- WHAT YOU SHOULD DO -
After locating the line with "Micro Mobility Devices", repeat it and every following line to the end of the listing, exactly. Omit the pictures.
Start of DATA BELOW
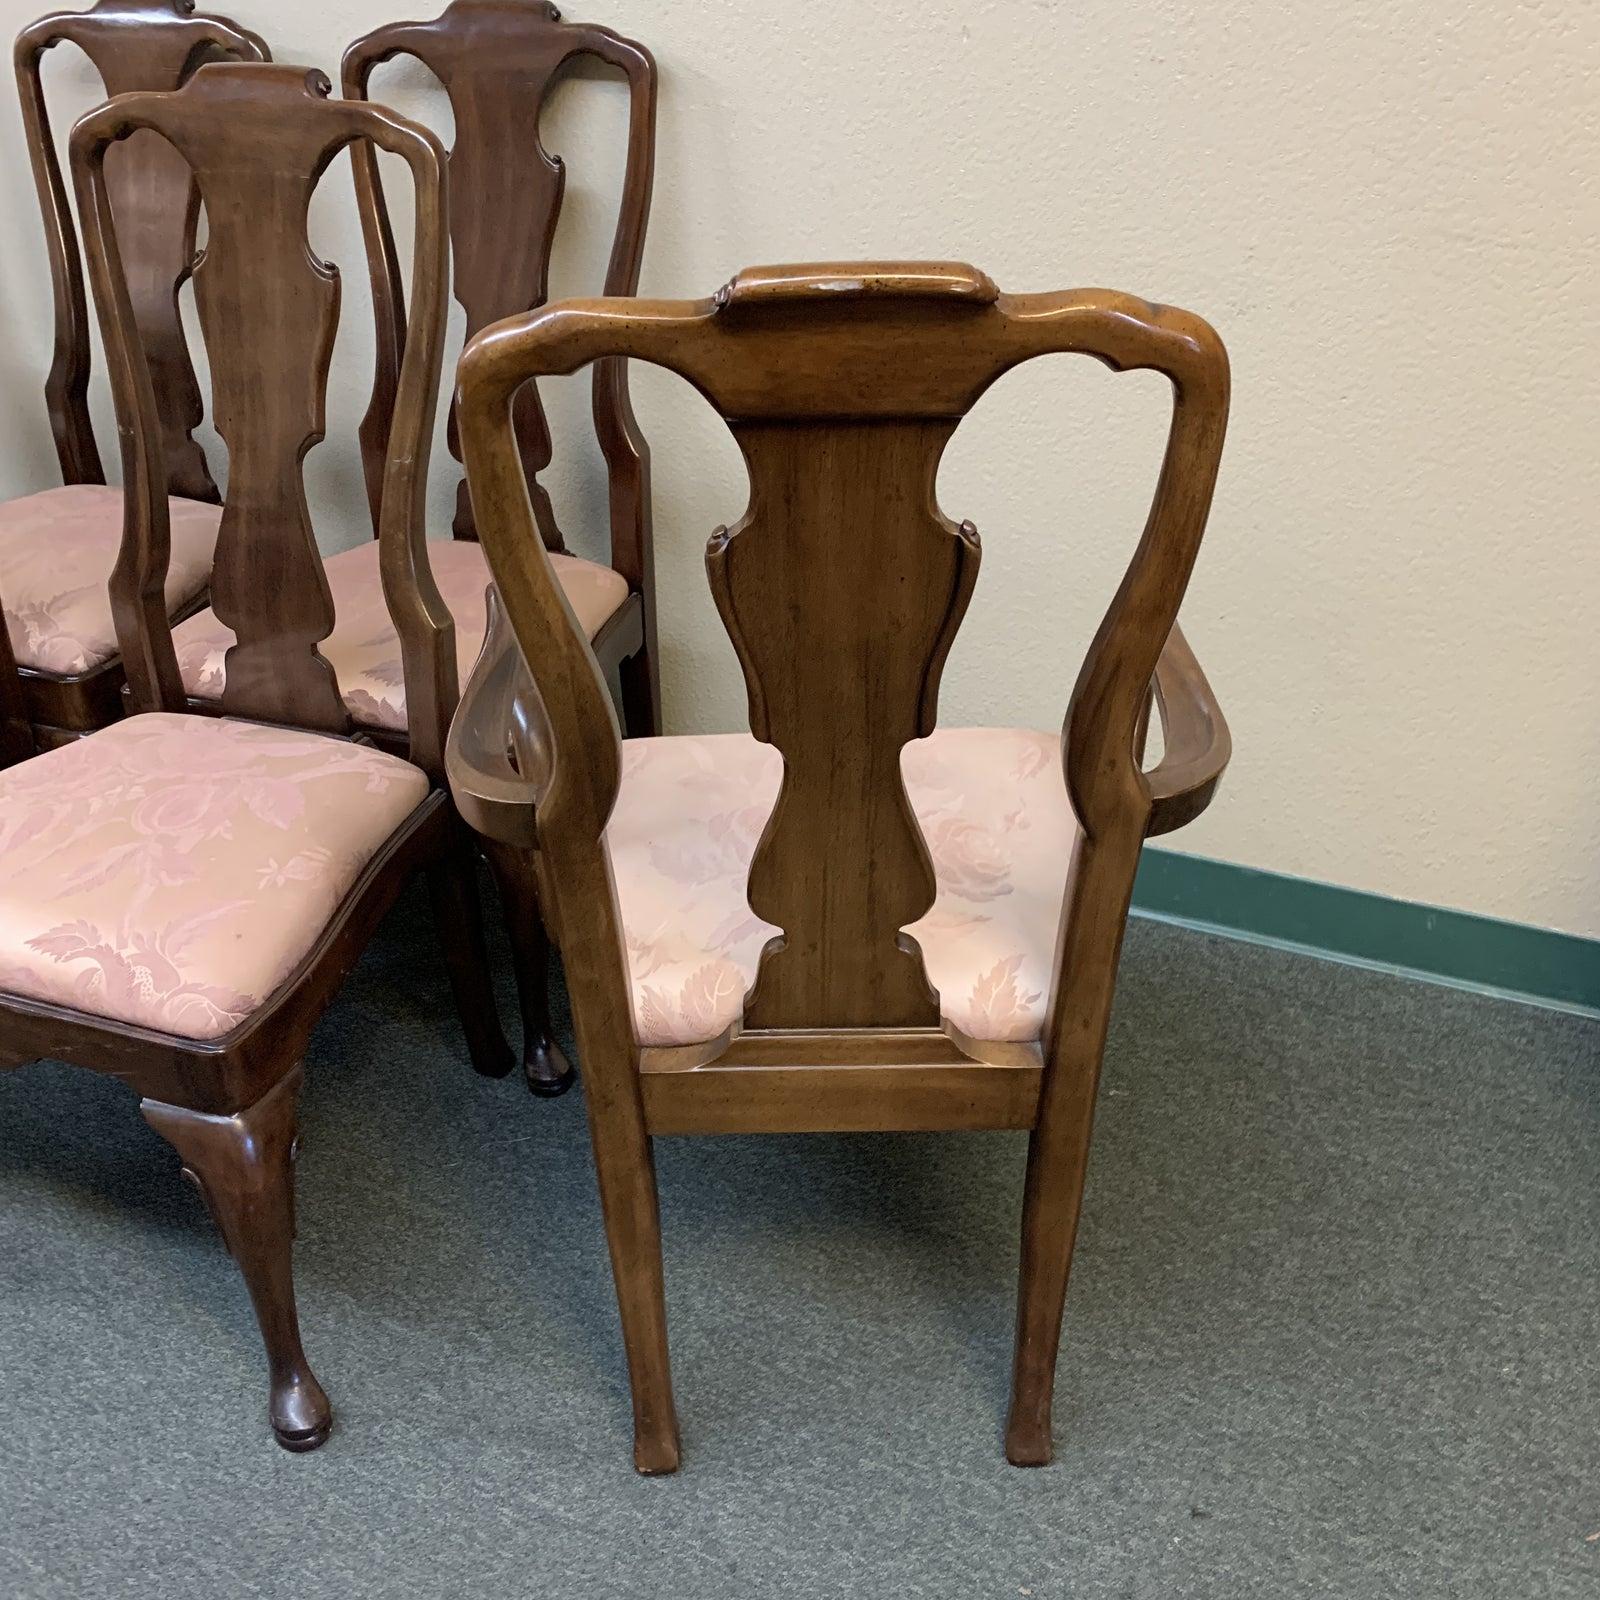 Presents a set of six Henredon Aston Court collection chairs. Ball and claw frame is slenderly finished in rich walnut tone. Seat upholstered with dusty rose damask patterning. Minor wear on frame and staining on seats. Makers mark on the bottom of
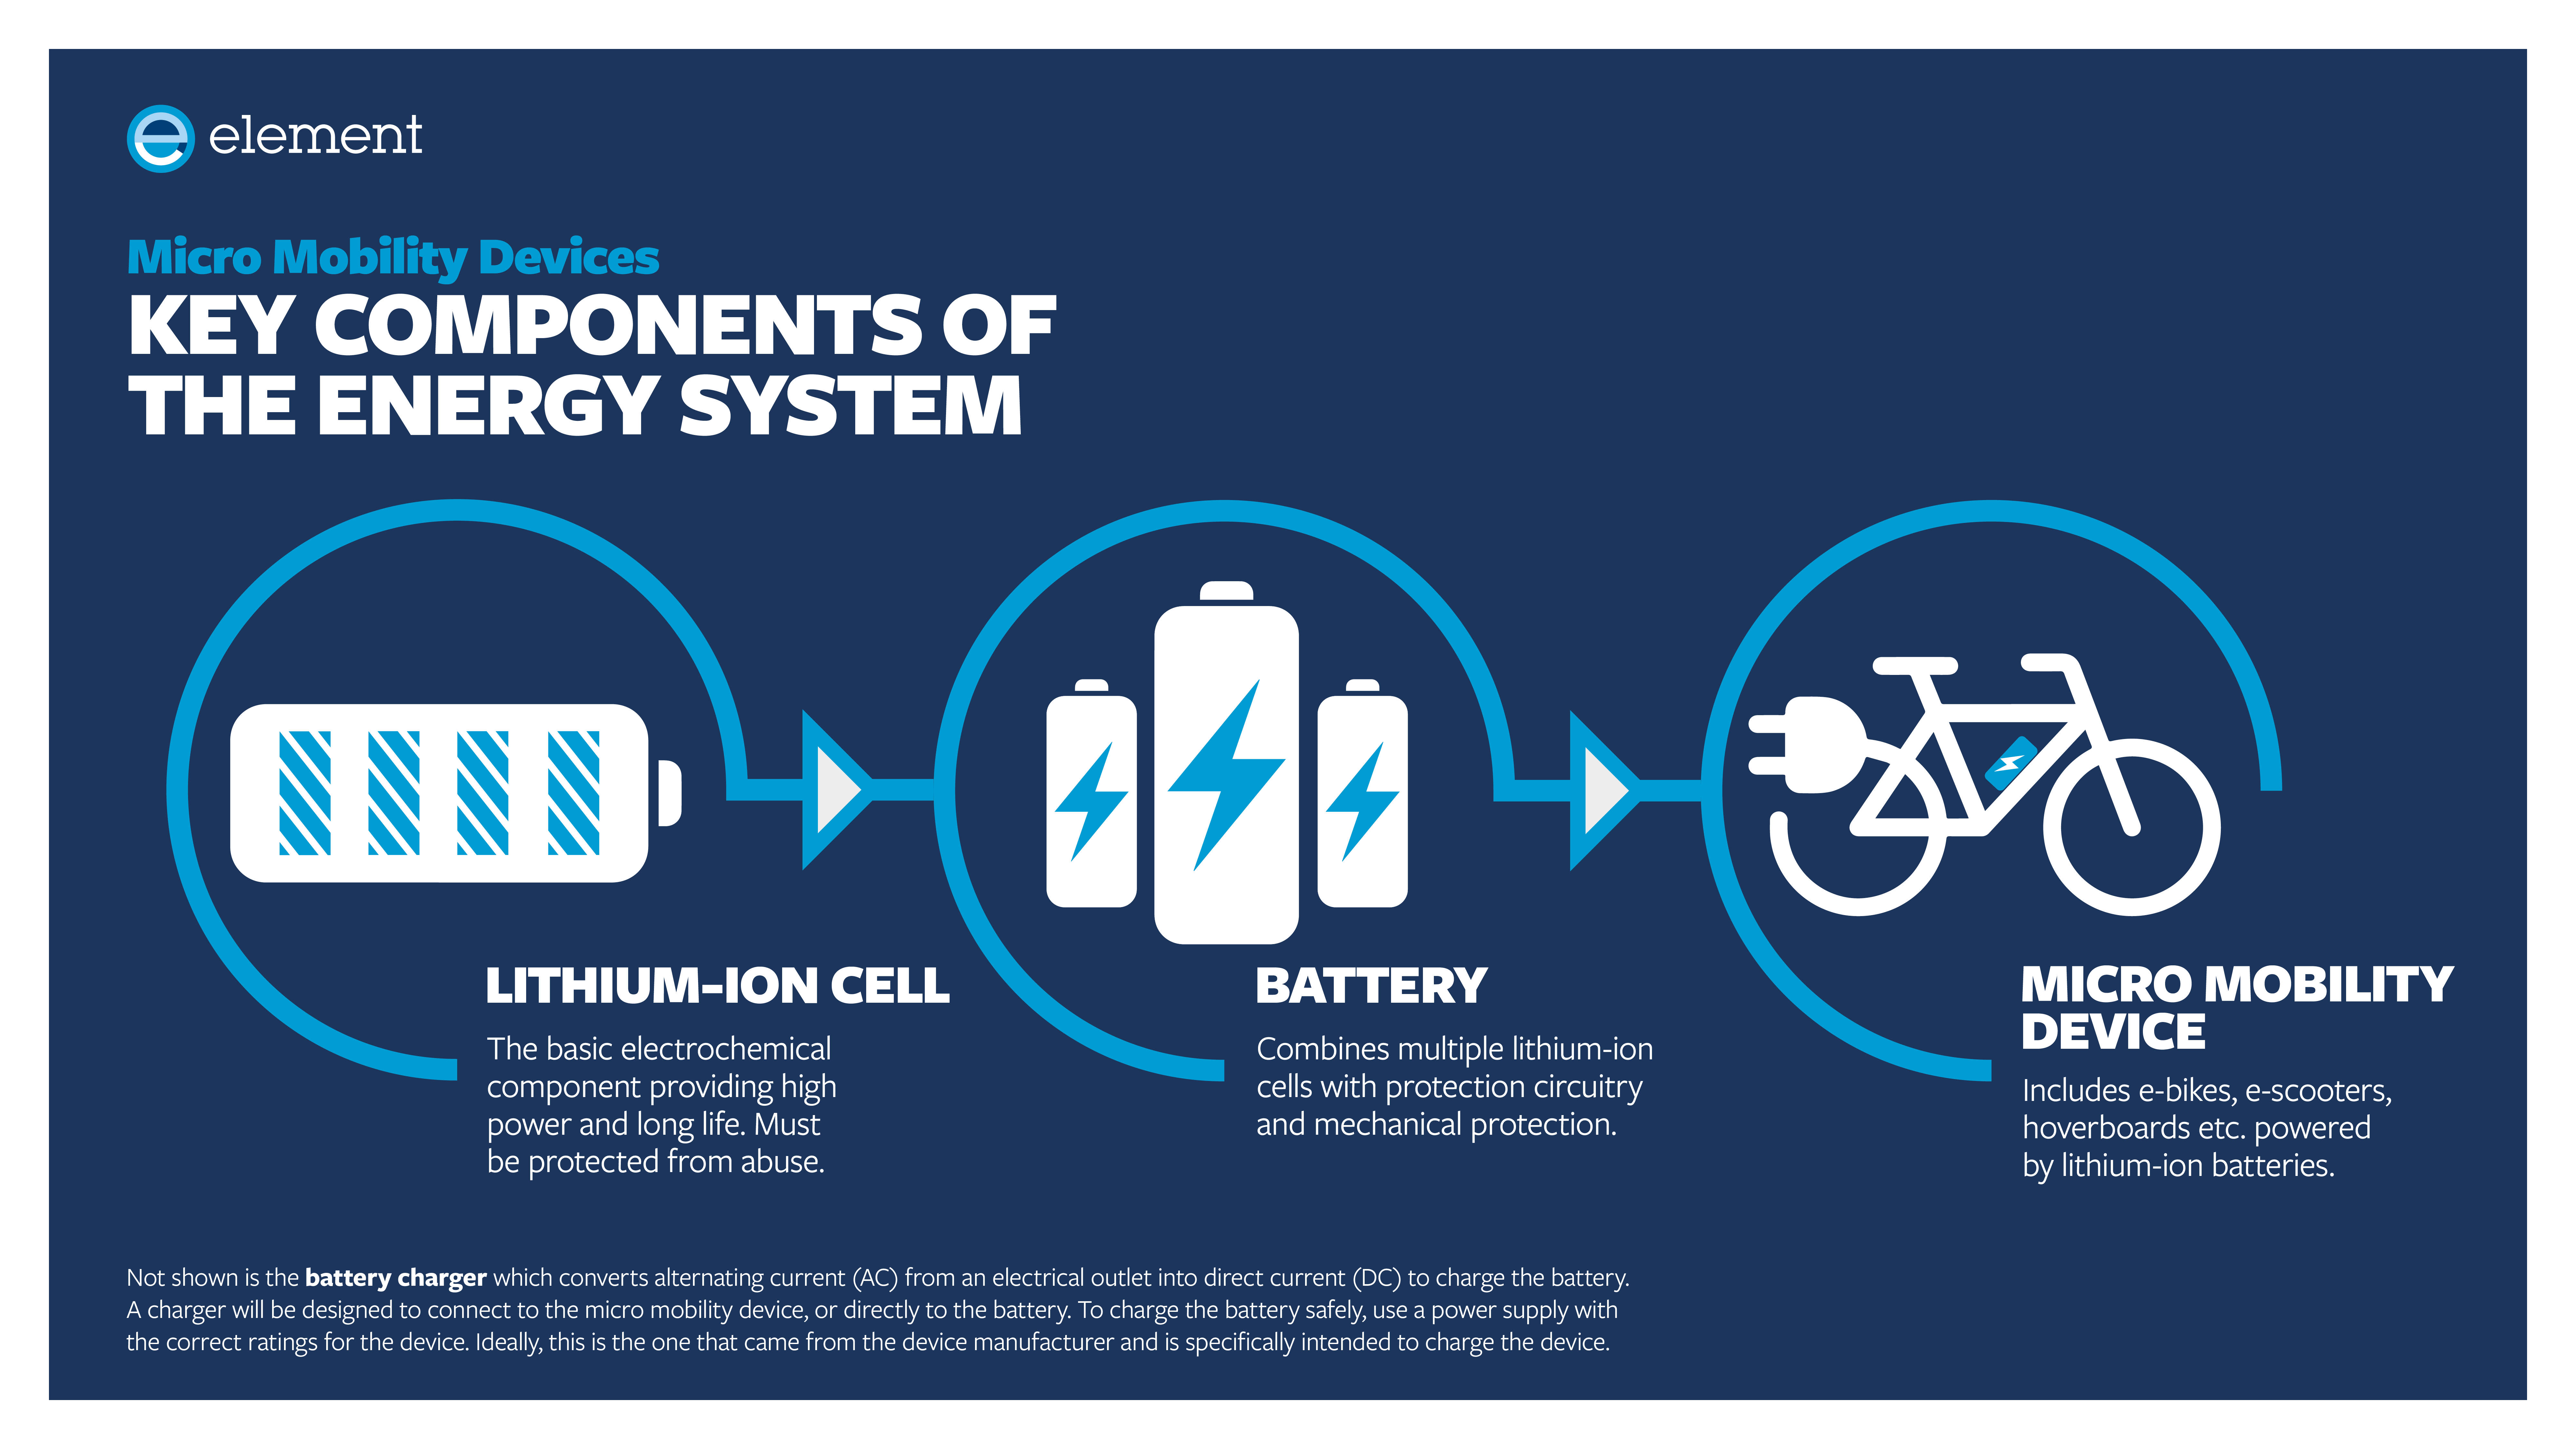 Micro Mobility Devices - Key Components of the Energy System
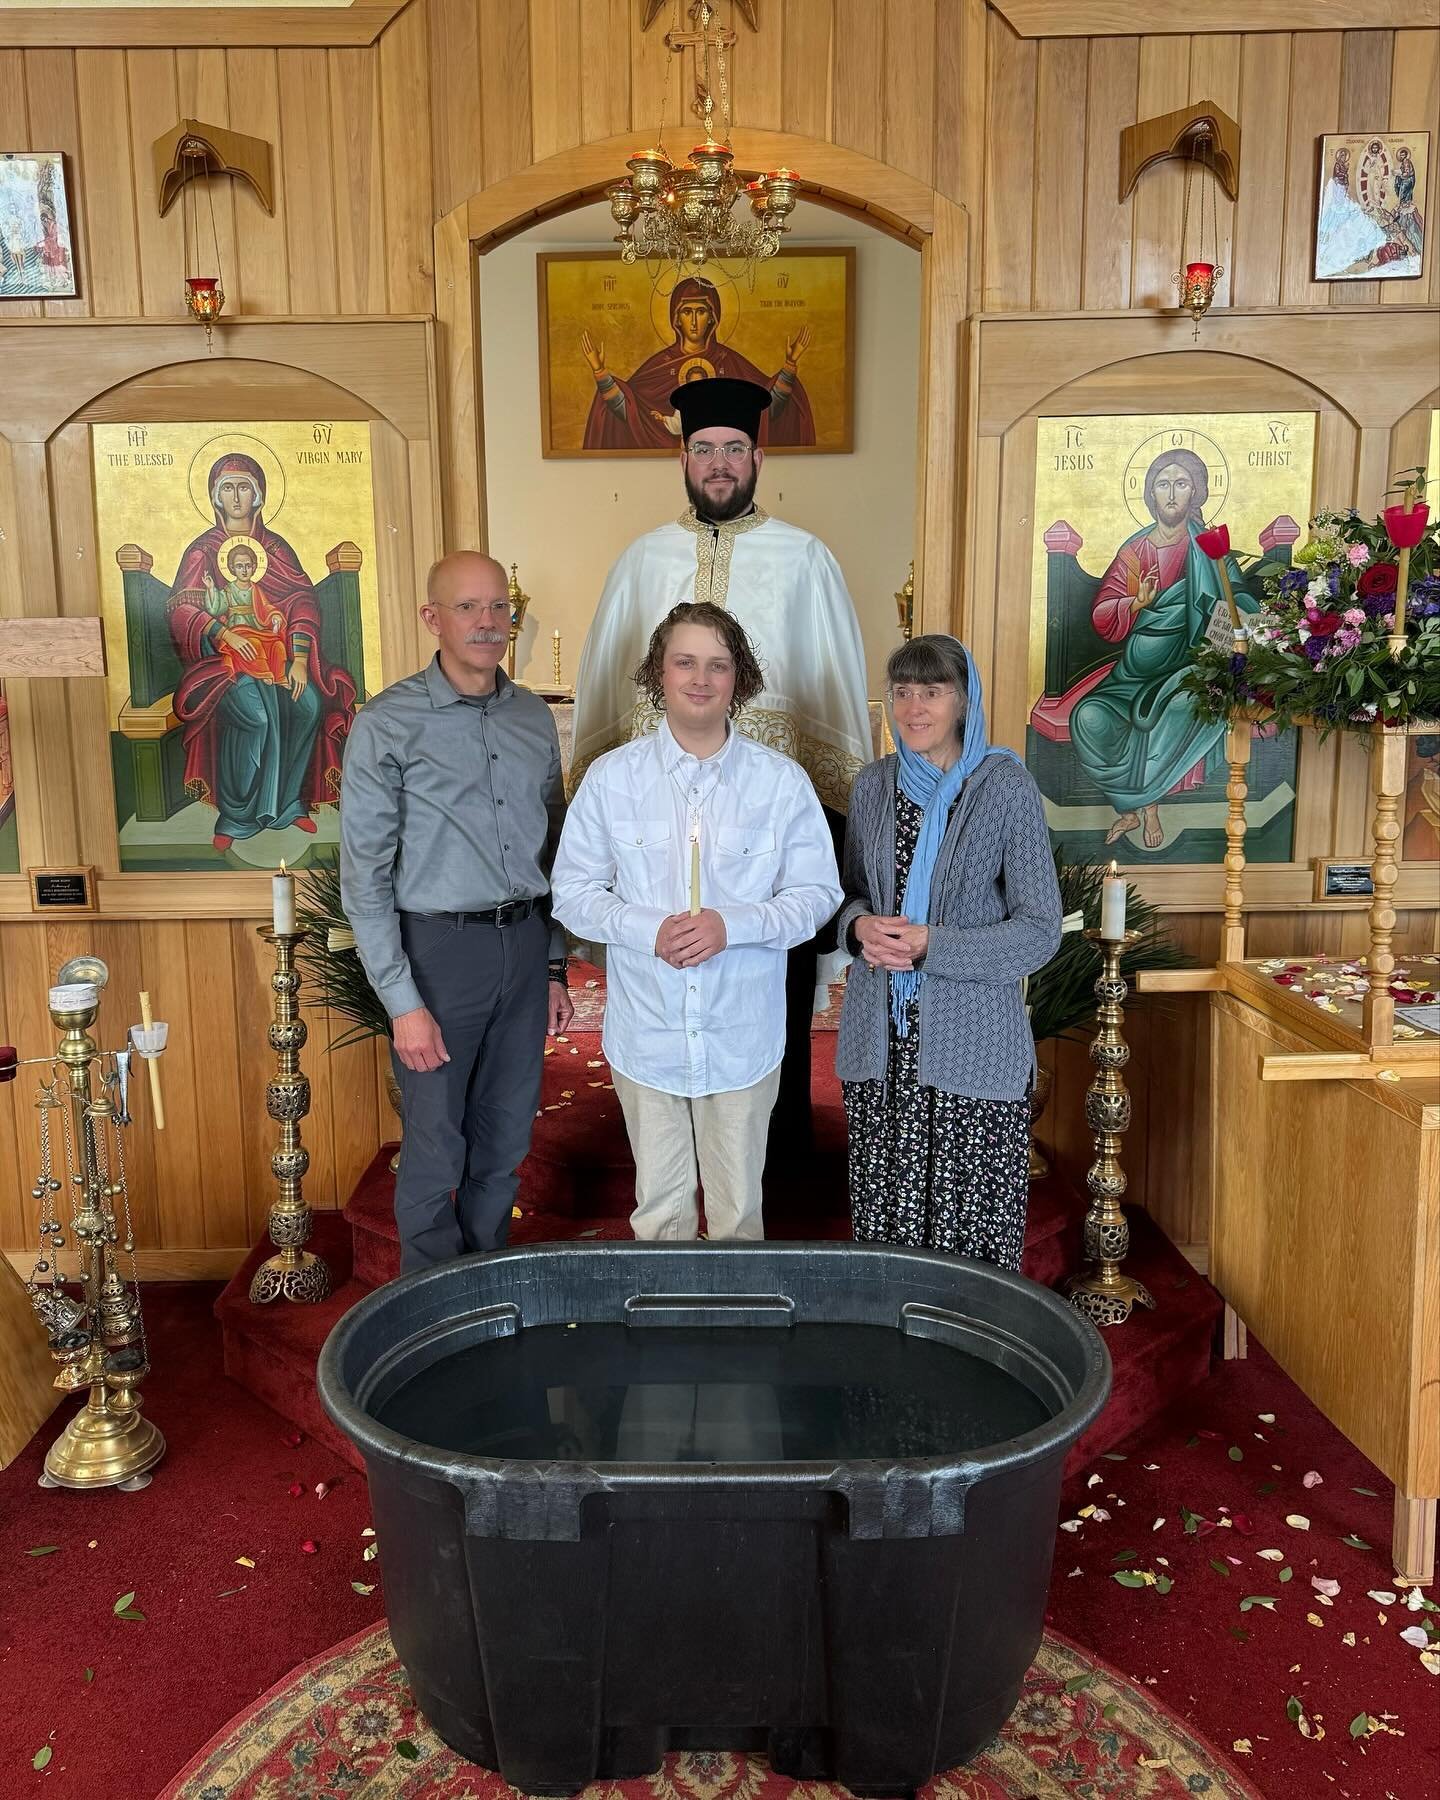 Today, following the Vesperal Liturgy, we welcomed Silouan (Samuel) into the Church. Glory to God who illumines and sanctifies everyone who comes into the world! Kali Anastasi!
End of DATA BELOW
- ANSWER TO THIS EXERCISE -
 Micro Mobility Devices - Key Components of the Energy System
 Today, following the Vesperal Liturgy, we welcomed Silouan (Samuel) into the Church. Glory to God who illumines and sanctifies everyone who comes into the world! Kali Anastasi!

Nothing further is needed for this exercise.